Byelorussia

Several kilometers from Druskininkai is a beautiful cluster of lakes tucked in between Parieče and Aziorū. When Sunday arrived. I decided to look around, and to feast my eyes, especially since there was nothing for one who was free from legal actions to do in Druskininkai itself. Having convinced a friend to go along with me, and having found a car, I wound up in Byelorussia, where through the evergreens, the watershed was an impressive blue. On the way, we happened upon the little town of Naujoji Rūda, tucked in between two lakes. As beautiful as the scenery was, so were my other impressions depressing, not recalling the feeling of Sunday at all.

We saw people working: they were cutting wood and stacking straw. Every man we met in town had been drinking. A couple was strolling along, a soldier and his girl. It was not he who was leading her, but she who was dragging him along. We noticed the church, wooden, not too old, fairly imposing; it did not look bad from the outside. We wanted to see it from inside. Upon inquiring, we found a woman who unlocked it for us. Our eyes fell on a sad sight, as though a war had taken place. In the sacristy, the closet doors had been broken open, the altar pictures had been torn down, the tabernacle broken open; only the crucifix over the main altar was undamaged. This, apparently, they had been unable to demolish.
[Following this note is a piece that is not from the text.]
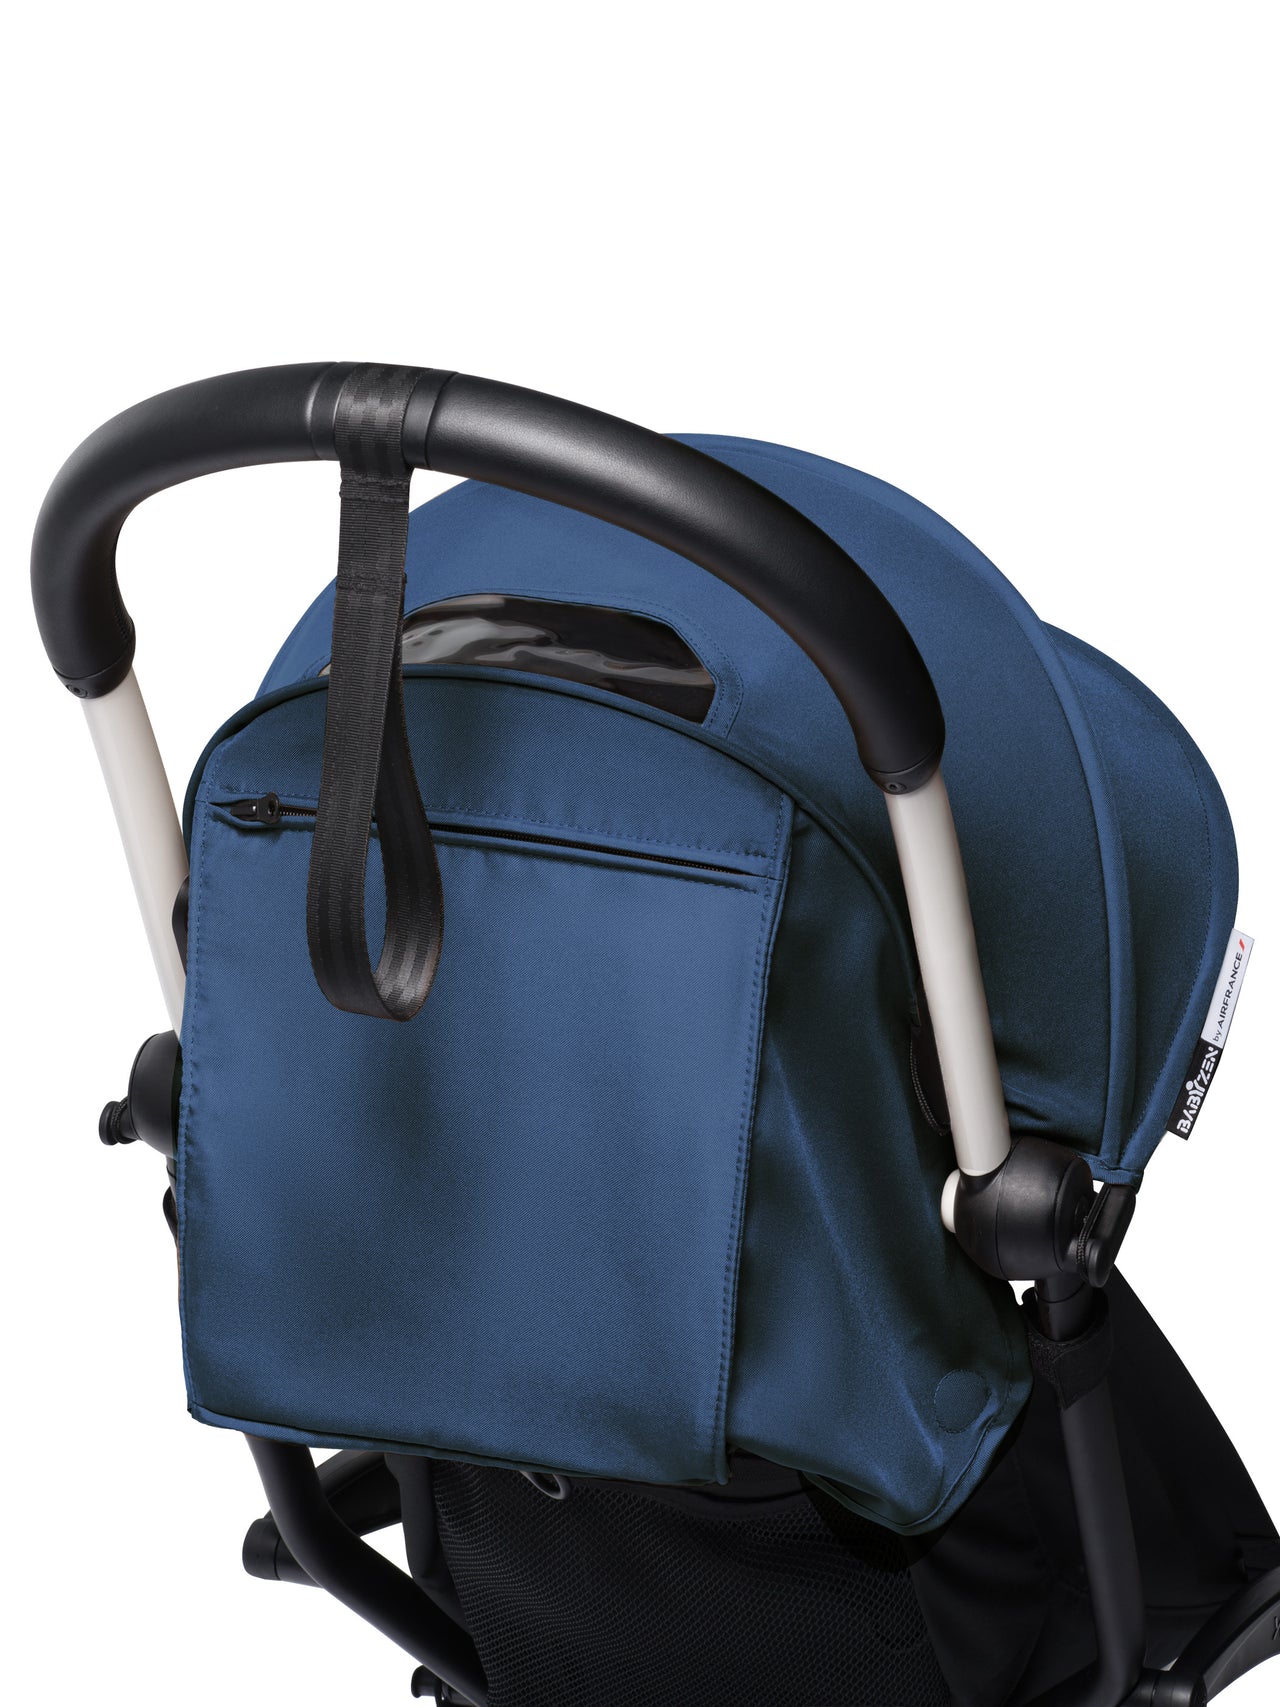 BABYZEN YOYO² 6+ Stroller (White Frame)- Air France Blue with FREE BACKPACK!
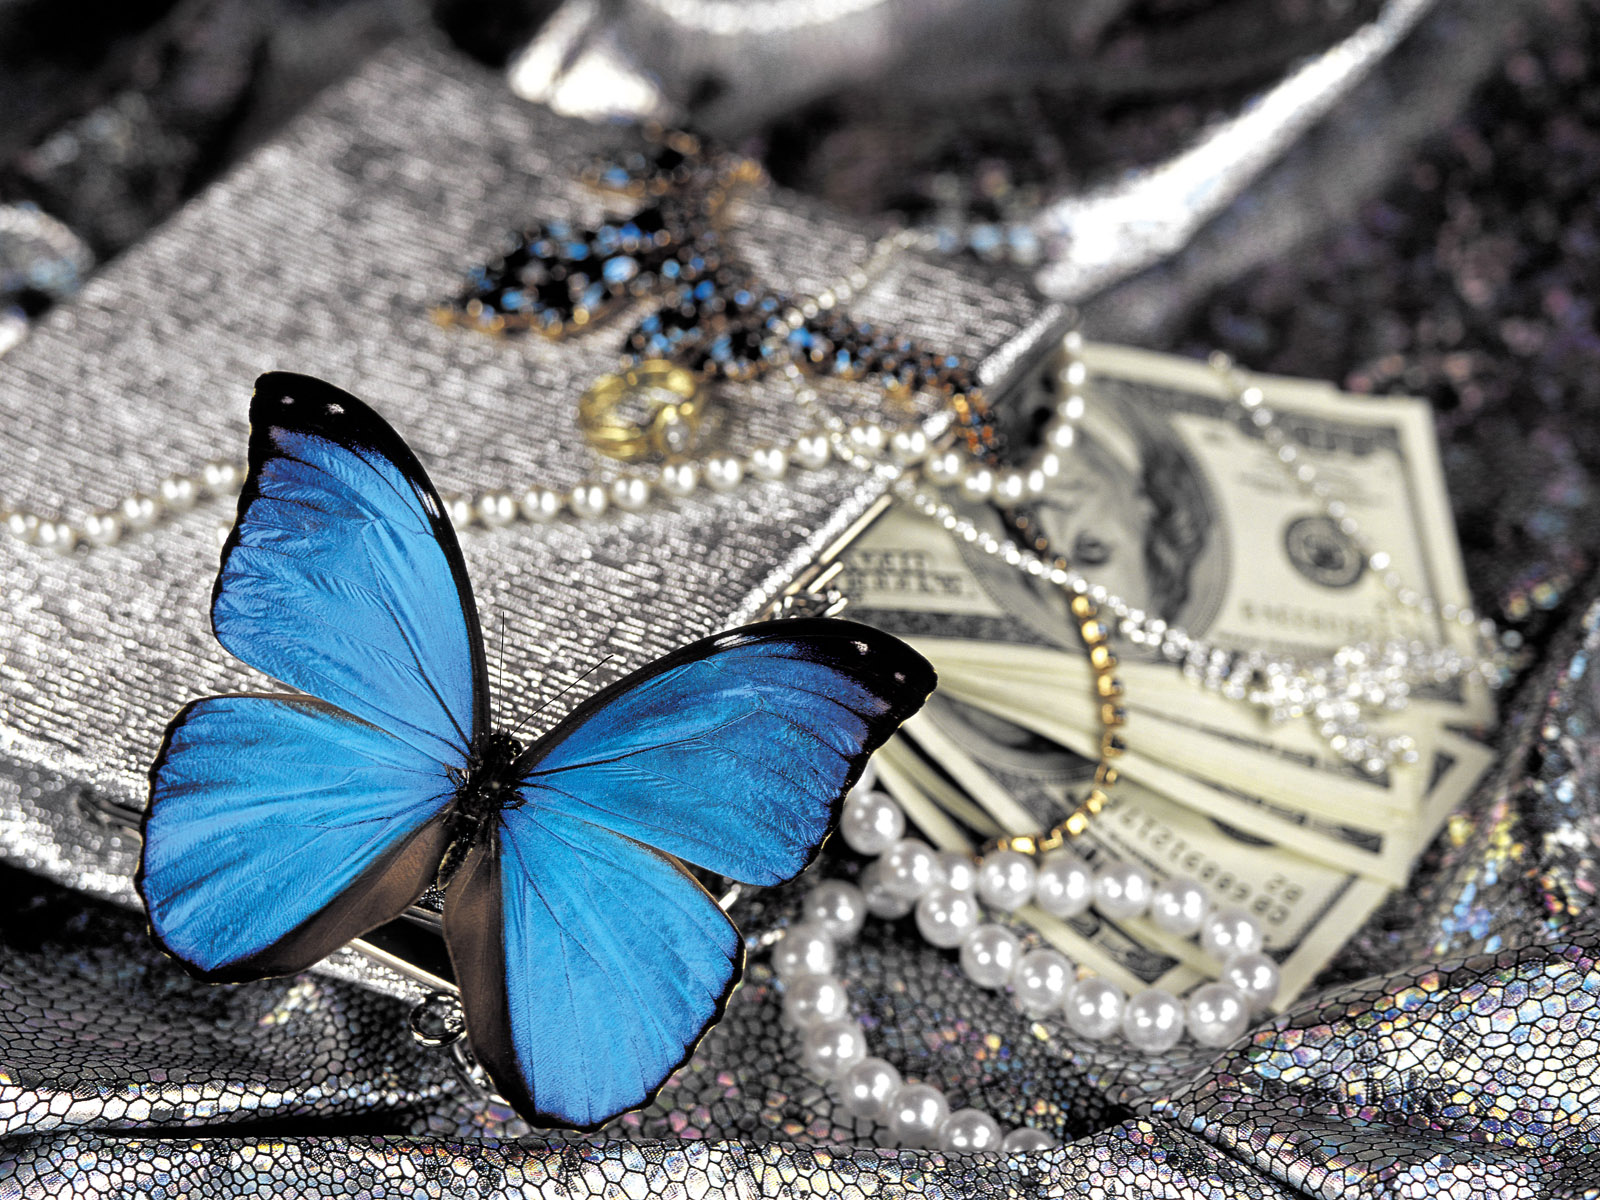 Blue & Black Butterfly - Blue Butterfly Cover Photos For Facebook - HD Wallpaper

The woman told us that on Sundays, people gather, pray and sing hymns. That very day, people had been there to pray. In place of the old pictures which had been torn out, on the side altars were hung some pictures in the primitive style, and the remains of burning candles could be seen.

It is many a year since the priest has been here. Now they allow a priest to come only once or twice a year from Goza, not far from Gardinas, and bless the graves in the cemetery. One day, a few years ago, some men, dressed as militia, came from the rayon and tearing out anything that was worthwhile in church they threw it into a truck and drove off.

On the face of the woman recounting this, we could see the pain, her eyes welled up . . .

Sunday bells do not ring any more and what is left for the people: the life of a work-horse and the bottle . . .

 

NEW PUBLICATIONS

Lietuvos Ateitis (Lithuania's Future) No. 3. The publication appeared at the end of July. It consists of twenty pages of typescript and deals with national and religious questions. The editors do not forget those who are suffering for God and country; they give their addresses in prison and excerpts from letters.

 

LITHUANIANS, DO NOT FORGET

 

Sergei Kovalev             Vytautas Vaičiūnas

Balys Gajauskas         Mečislovas Jurevičius

Vytautas Skuodis         Gintautas Iešmantas

Povilas Pečeliūnas         Antanas Terleckas

Algirdas Statkevičius        Viktoras Petkus

Julius Sasnauskas            Petras Paulaitis
Anastazas Janulis

and others who wear the shackles of bondage so that you might be able to live and believe in freedom!